■ **DATASET EXCERPT**:

========================================================================

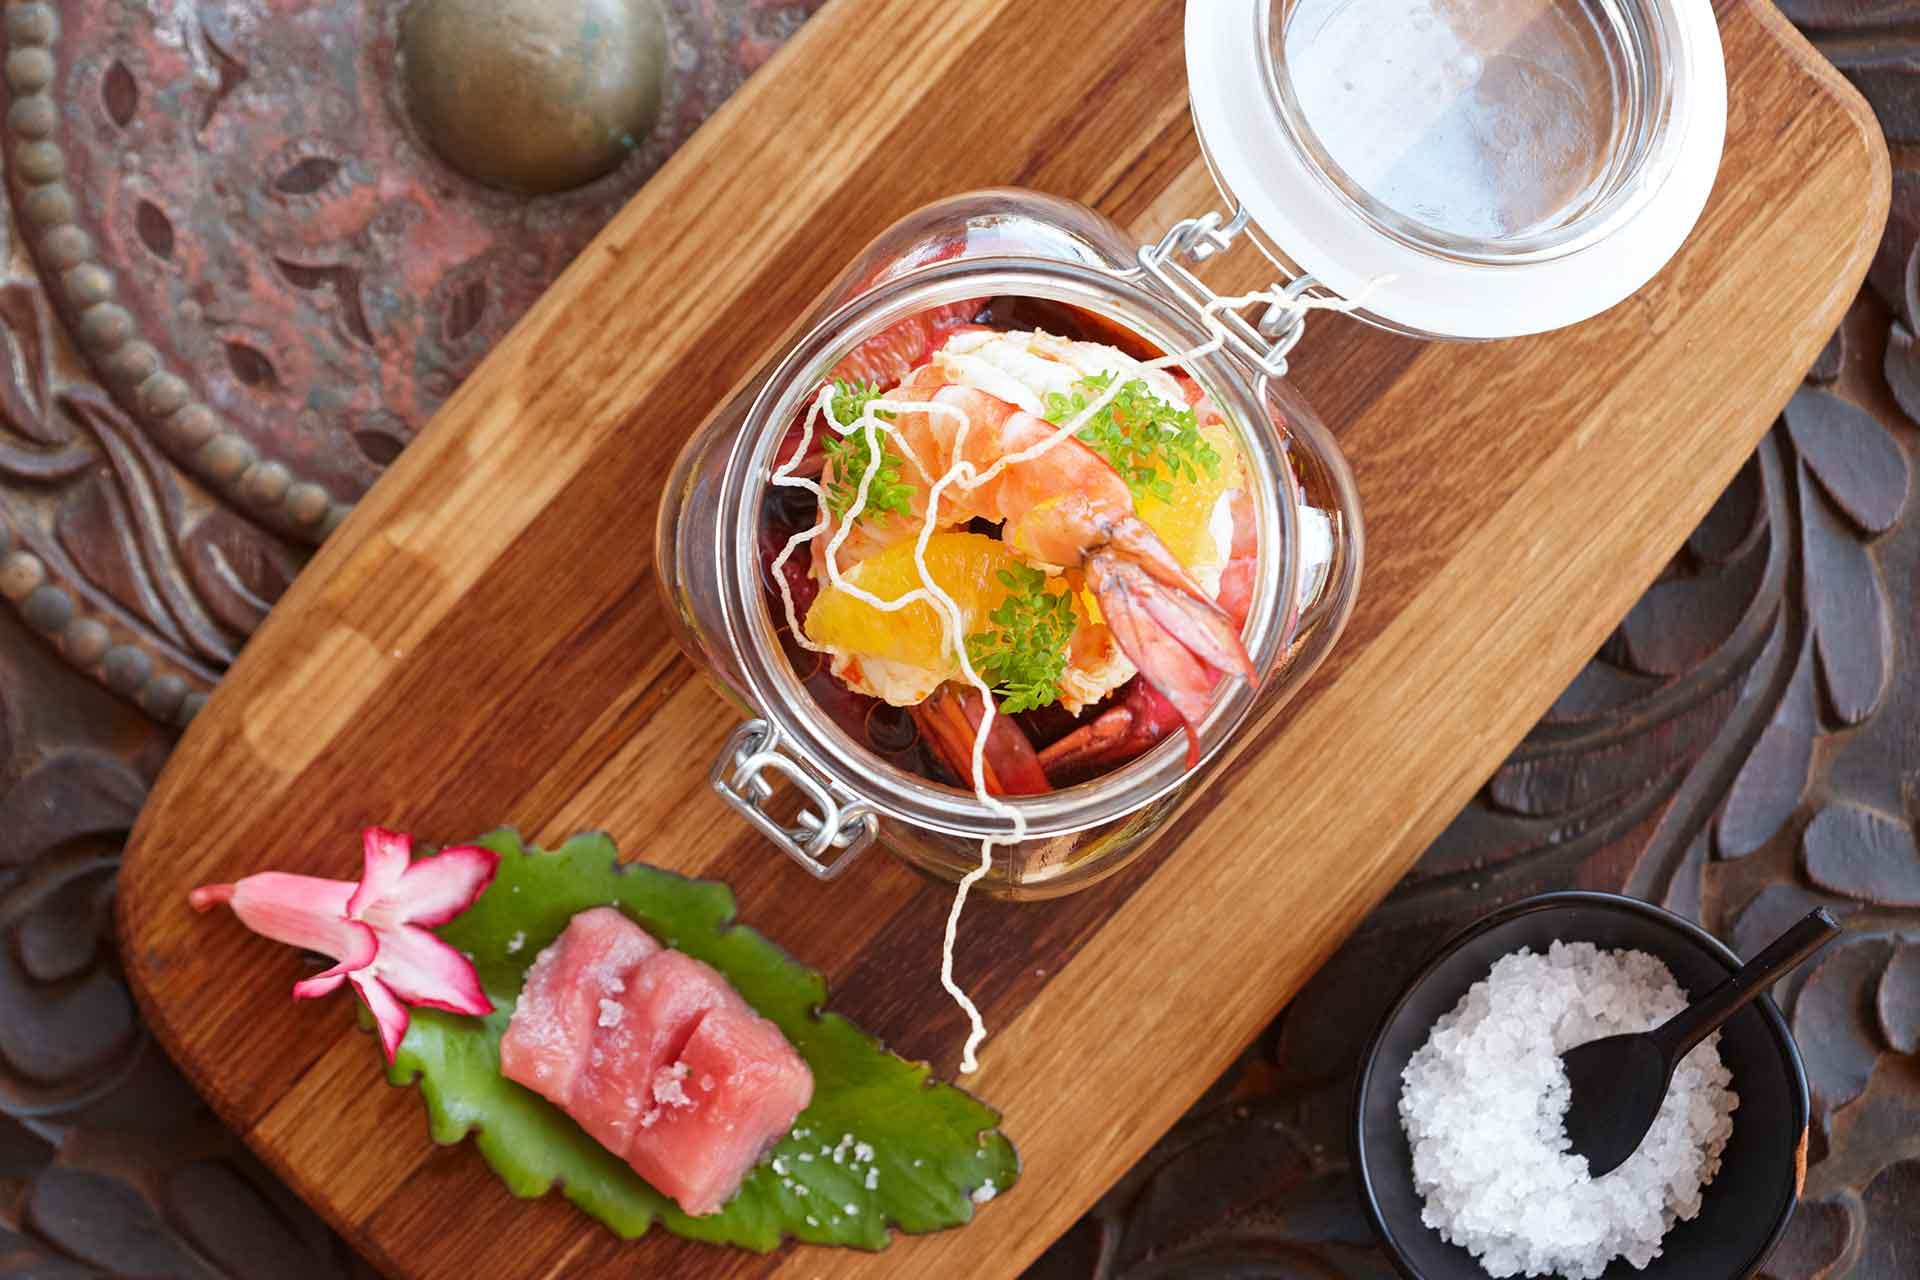 A seafood salad dish at AVANI Pemba Beach Hotel
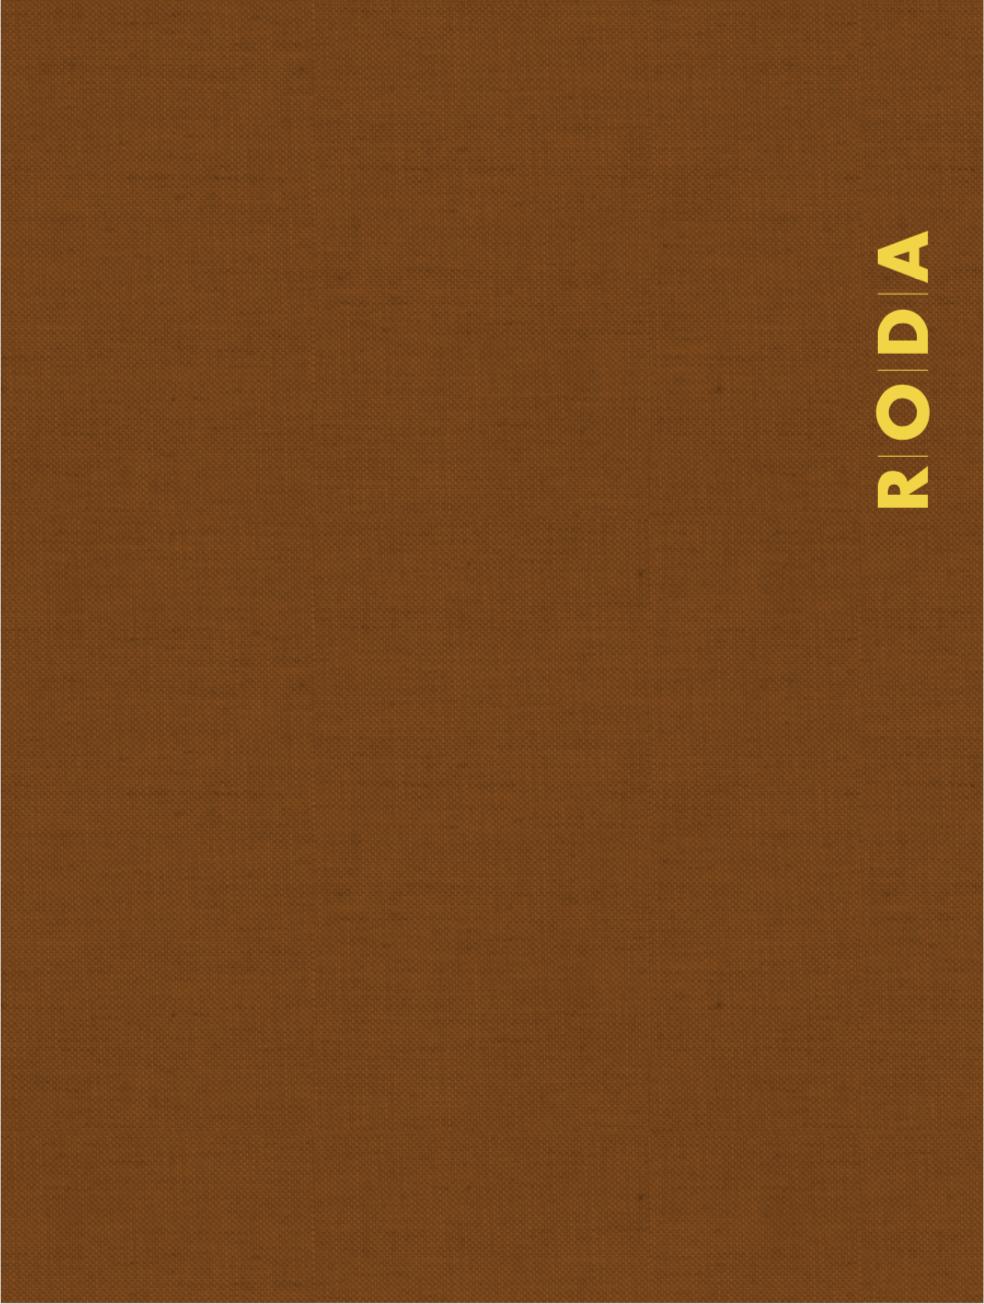 RODA_19:20
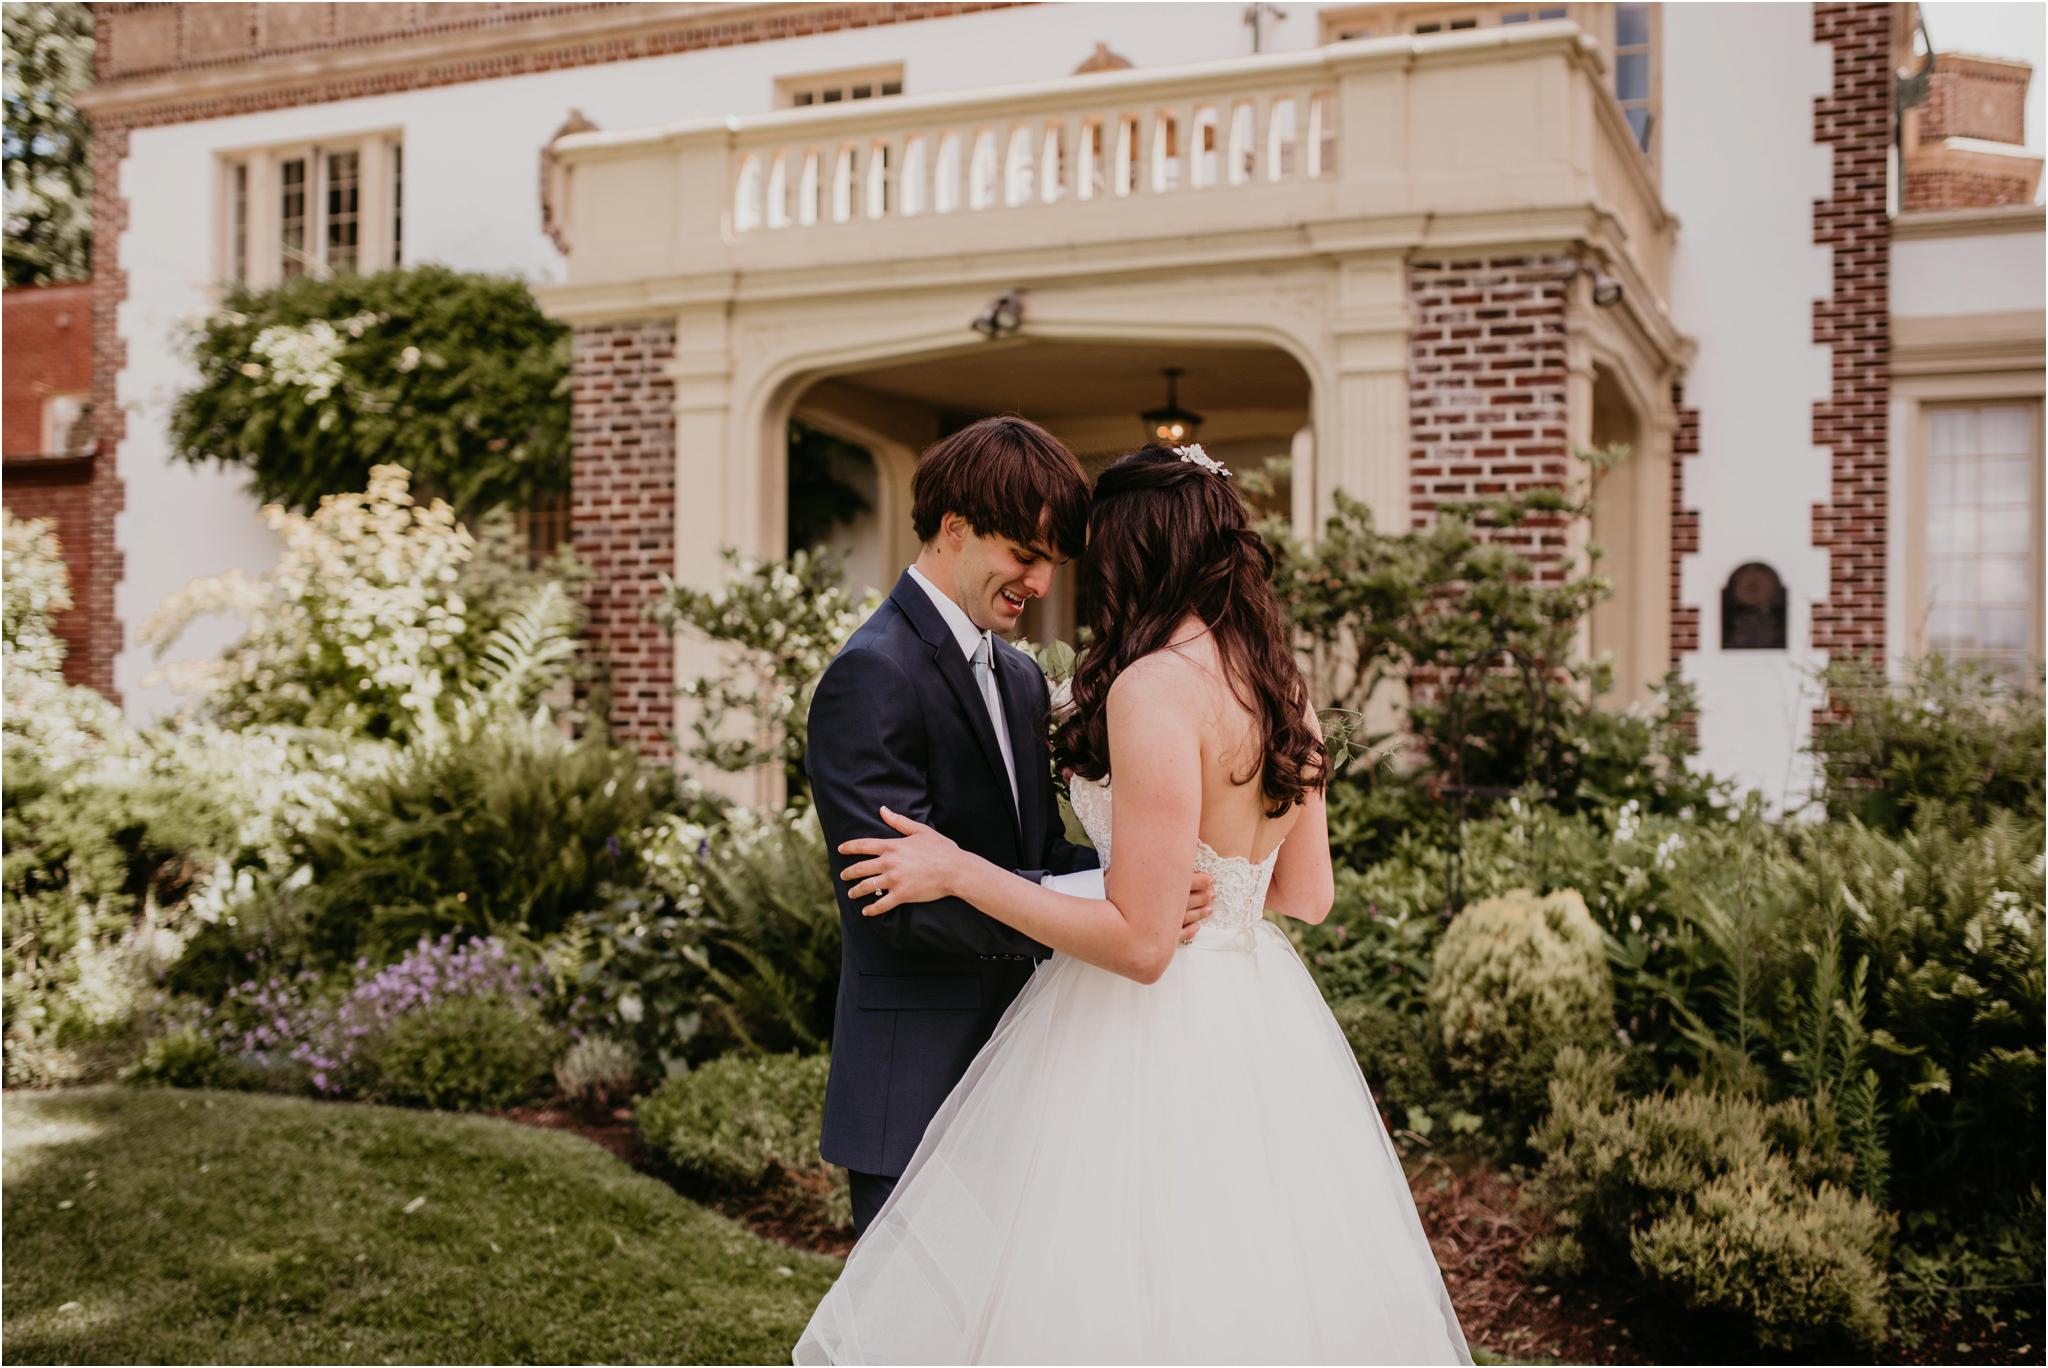 chance-and-ondrea-lairmont-manor-wedding-seattle-photographer-031.jpg

========================================================================

■ **EXERCISE OBJECTIVE**: Drop the images; restate the listing exactly.

■ **ANSWER SPACE**:
 A seafood salad dish at AVANI Pemba Beach Hotel
 RODA_19:20
 chance-and-ondrea-lairmont-manor-wedding-seattle-photographer-031.jpg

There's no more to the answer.